2X Car Auto Light Lamp Bulb 120 LED 3528 SMD H7 Xenon White Fog Driving Head 12V | eBay
Besides the 120 LED's, there are also 68 LED's H7 available. I would think 68 may not be enough. This is only going for less then $10 a pair, with free shipping.
My question is, this may throw an error on the dash, and I've read that it can be fixed by putting in the right resistor. How would I place the resistor in the circuit? Before the bulb, or After or across the leads?
2X Car Auto Light Lamp Bulb 120 LED 3528 SMD H7 Xenon White Fog Driving Head 12V | eBay
Besides the 120 LED's, there are also 68 LED's H7 available. I would think 68 may not be enough. This is only going for less then $10 a pair, with free shipping.
My question is, this may throw an error on the dash, and I've read that it can be fixed by putting in the right resistor. How would I place the resistor in the circuit? Before the bulb, or After or across the leads?

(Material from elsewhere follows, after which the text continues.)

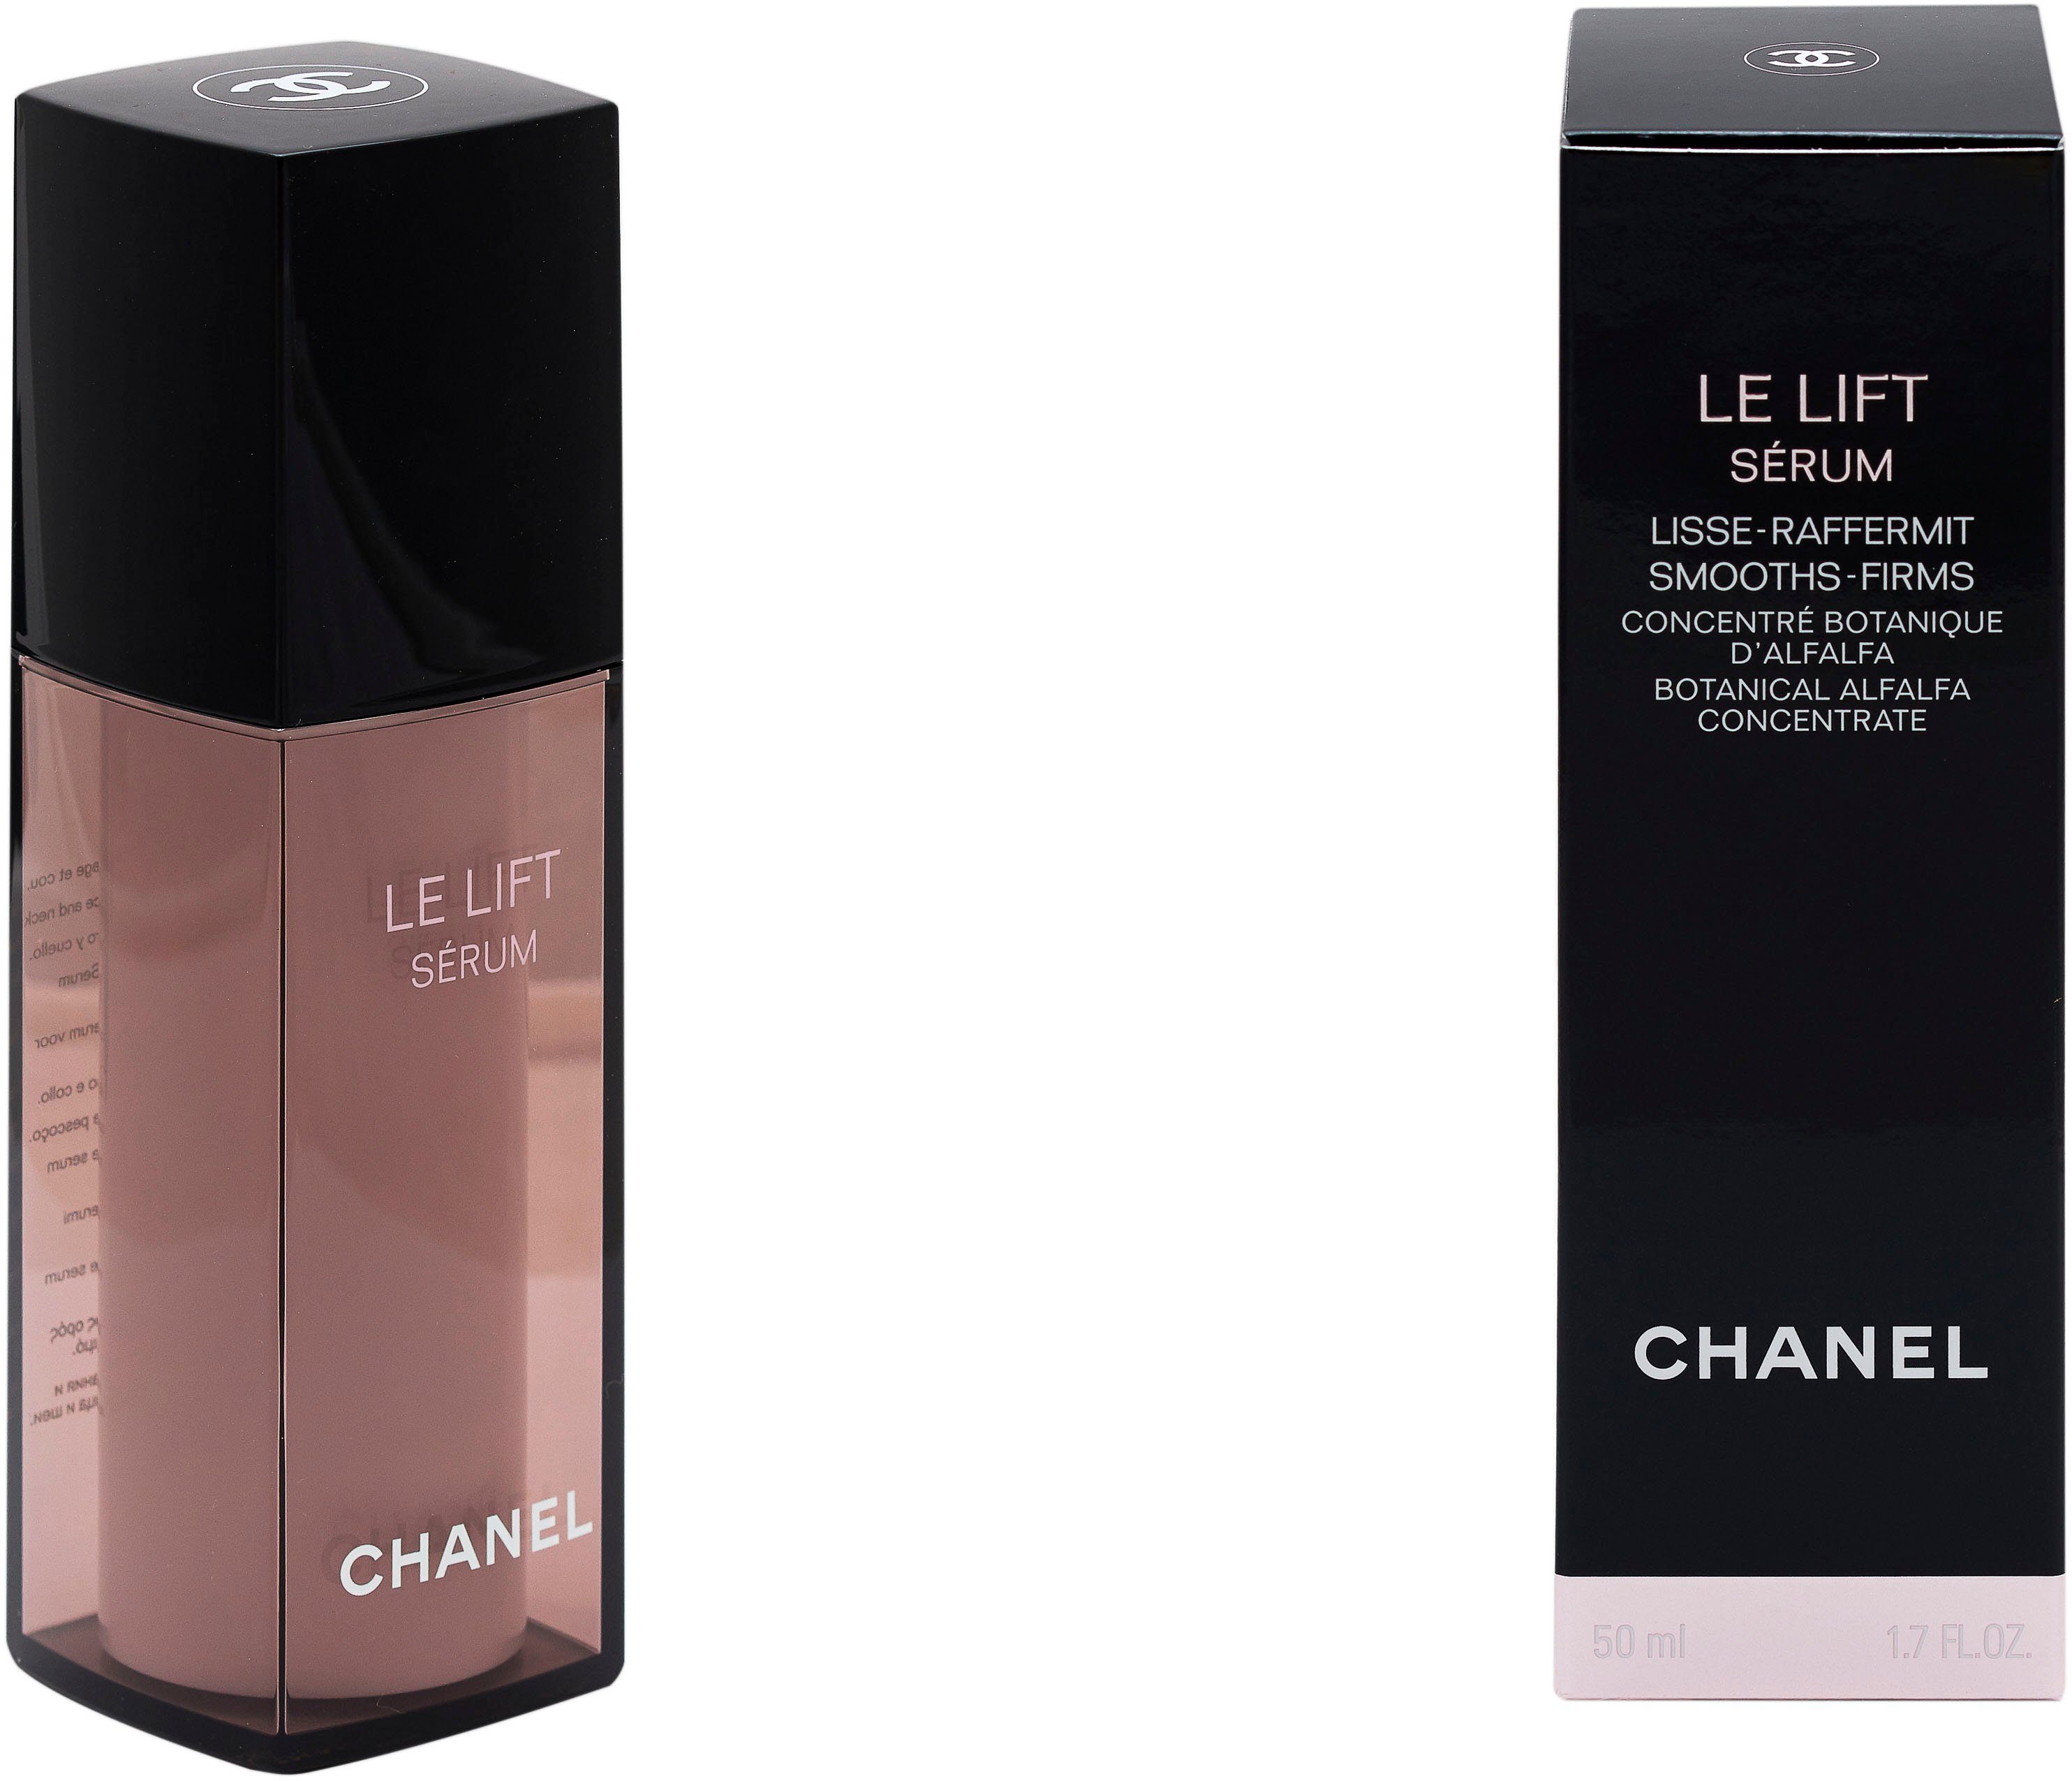 Chanel Lisse-Raffermint Lift CHANEL Gesichtsserum Le Serum

I can't recall how much resistance you need, but it would be in series. I notice that link says the bulb is 500 LM. If that's Chinese for lumens, that is seriously low. A 55w Halogen produces around 1500 lumens... a 55w HID is around 3000 to 3500 lumens...so these bulbs would be okay for daytime running lights but will provide less light than cheap walmart foglights.
There are hi-power leds that provide 200 lumens each, but those are made by higher end companies such as luxeon.

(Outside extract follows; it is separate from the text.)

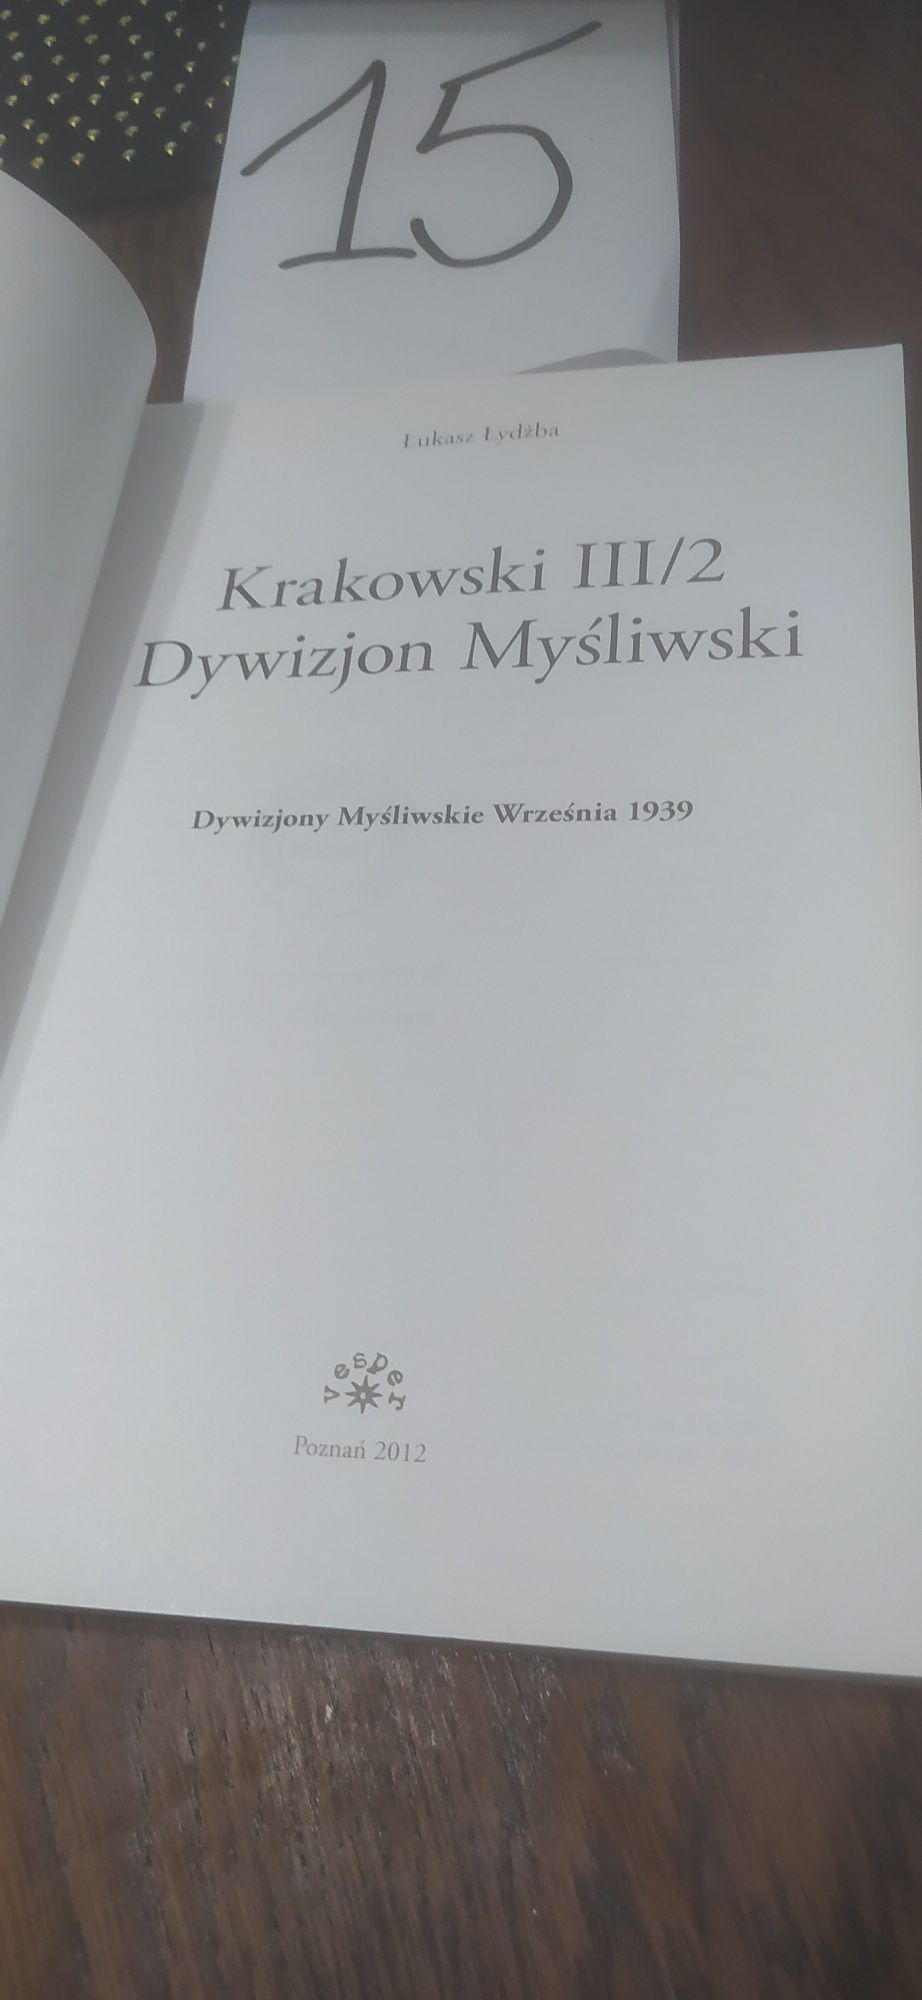 Dywizjon Myśliwski Łukasz Łydżba

There are hi-power leds that provide 200 lumens each, but those are made by higher end companies such as luxeon.
Thanks for the info. I wasnt sure what would be considered low lumens for lowbeam application. I know ecs is selling LED reverse lights (way too expensive, ebay have others go for cheaper), so I started searching if I could do a full LED conversion for the rest.
In case somebody does try this, they'll want the resistor(s) in parallel to keep the car from thinking a bulb is burnt out. Putting in series wouldn't do the trick and would limit the voltage to the LED bulb. When you wire up a single LED then you want a resistor in series.
In case somebody does try this, they'll want the resistor(s) in parallel to keep the car from thinking a bulb is burnt out. Putting in series wouldn't do the trick and would limit the voltage to the LED bulb. When you wire up a single LED then you want a resistor in series.